Она не сразу рискнула рассказать Валеджану о первоначальной цели своего с ним знакомства на том званом вечере у Тохтамышева, но теперь была в своих чувствах совершенно безыскусственна. Тогда же, когда её попросили на какое-то время завлечь ревнивого до одури «хранителя чести семьи» – братца сестёр-близняшек, жёстко стерегущего их, казалось, не только от окружающего мужского мира, но и от самого себя, никто и не предполагал, что дело с этим «игрушечным адюльтером» зайдёт так далеко. Будучи уверенными в здравомыслии, когда надо, красавицы Розы, приближённые Тохтамышева благословили юную шпионку и на дальнейшее продолжение знакомства с «бешенным» Валеджаном, чтобы и на последующих подобных праздничных мероприятиях парень был надёжно изолирован от тех участников пира, с кем хотел бы почаще общаться сам Тохтамышев. И вот результат… Роза и Валеджан тайком от всех, кроме Гульнары с Динарой и их избранников Илюхи с Колюхой, уже длительное время были фактически мужем и женой. И у них через назначенный природой срок будет ребёнок. Только ведь прибьёт Розу Тохтамышев, – возможно, насмерть, – если каким-то образом унюхает о таком предательстве. Да и Валеджану не сносить головы…

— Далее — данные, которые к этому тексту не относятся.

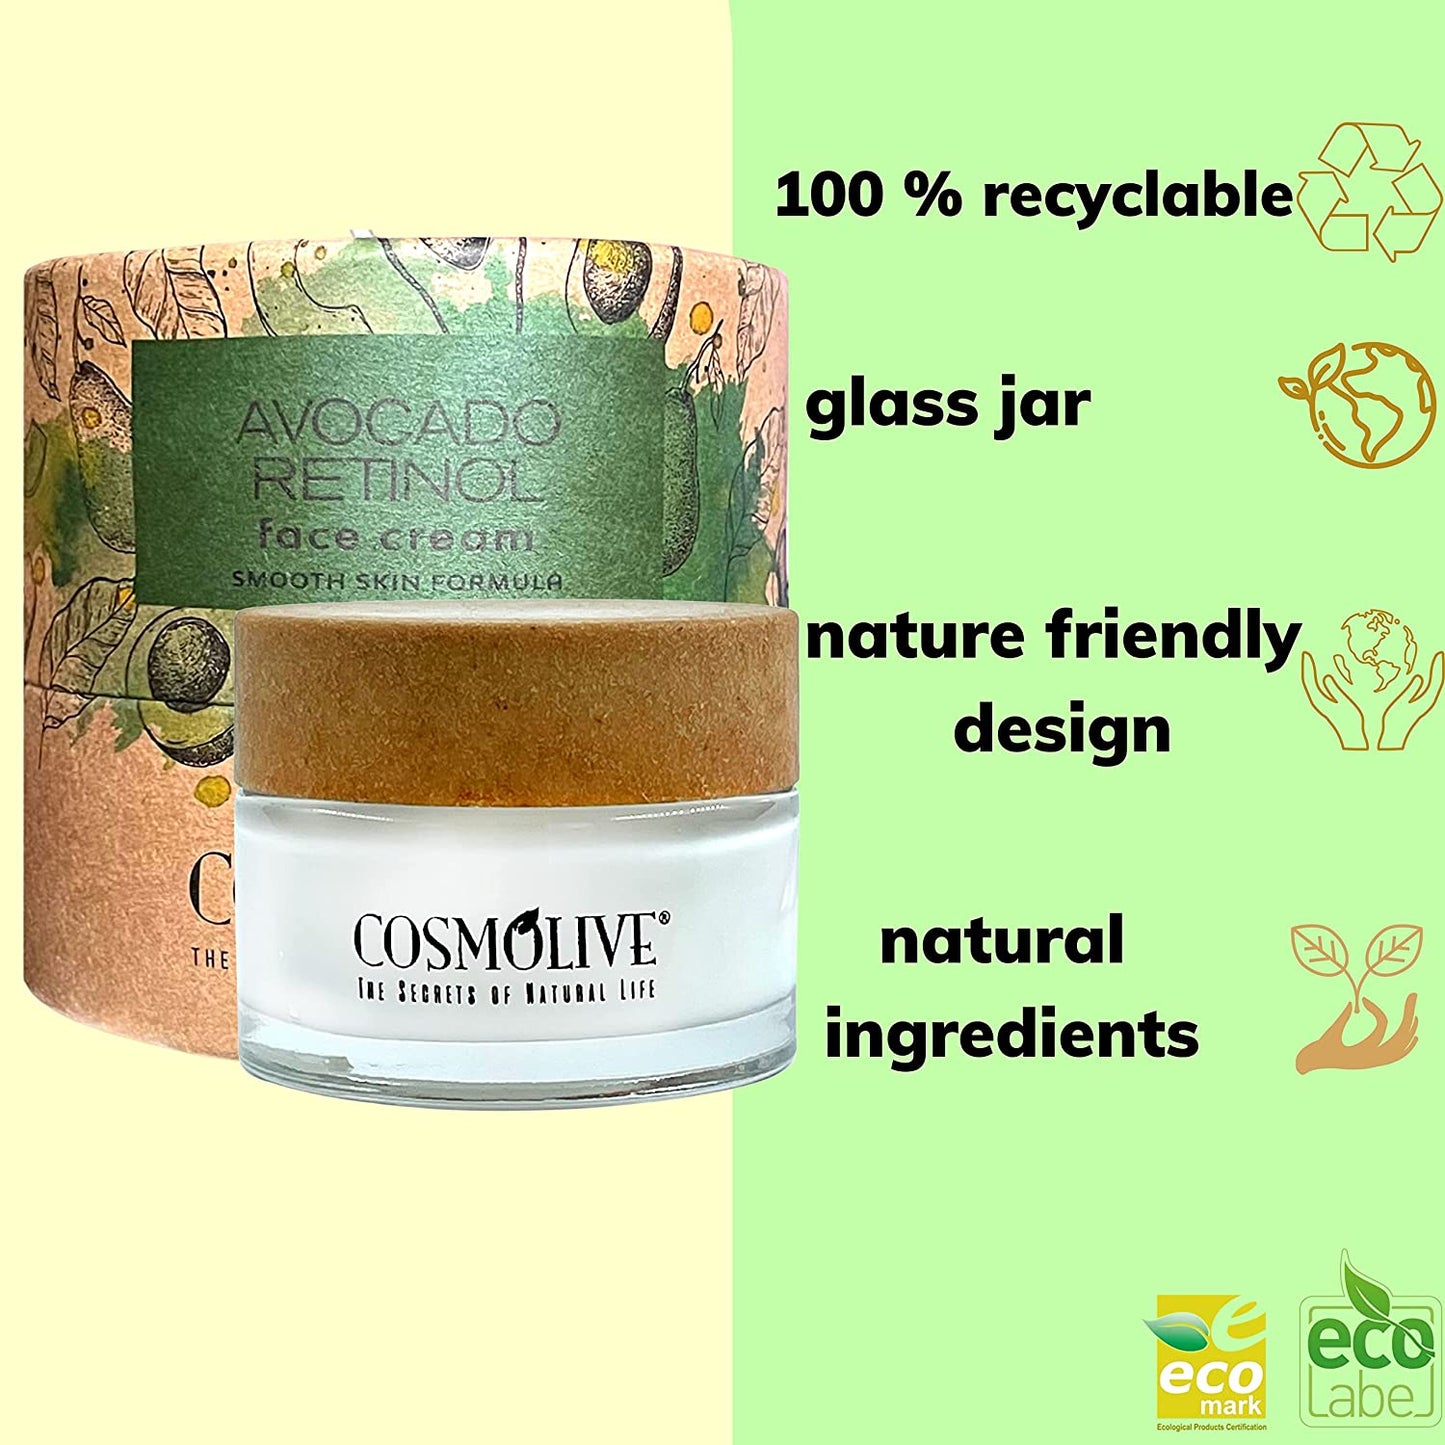 New Retinol Cream for Face with Avocado Oil - Natural Moisturizer Face Cream, Smooth Skin Formula - 1.6 fl. Oz

О своём участии в пирах у Тохтамышева никто из девчонок и мальчишек своим родителям ни разу ни словом не обмолвился. В том числе и вся наша компания близнецов – Тамаре «шофёрке-ханум» и Николаю Захаровичу, которые, со своей стороны, тоже были грешны: неофициально сожительствовали друг с другом уже не первый год, иногда даже вместе, будто случайно, появляясь в интернате, чтобы навестить детей, как бы каждый своих.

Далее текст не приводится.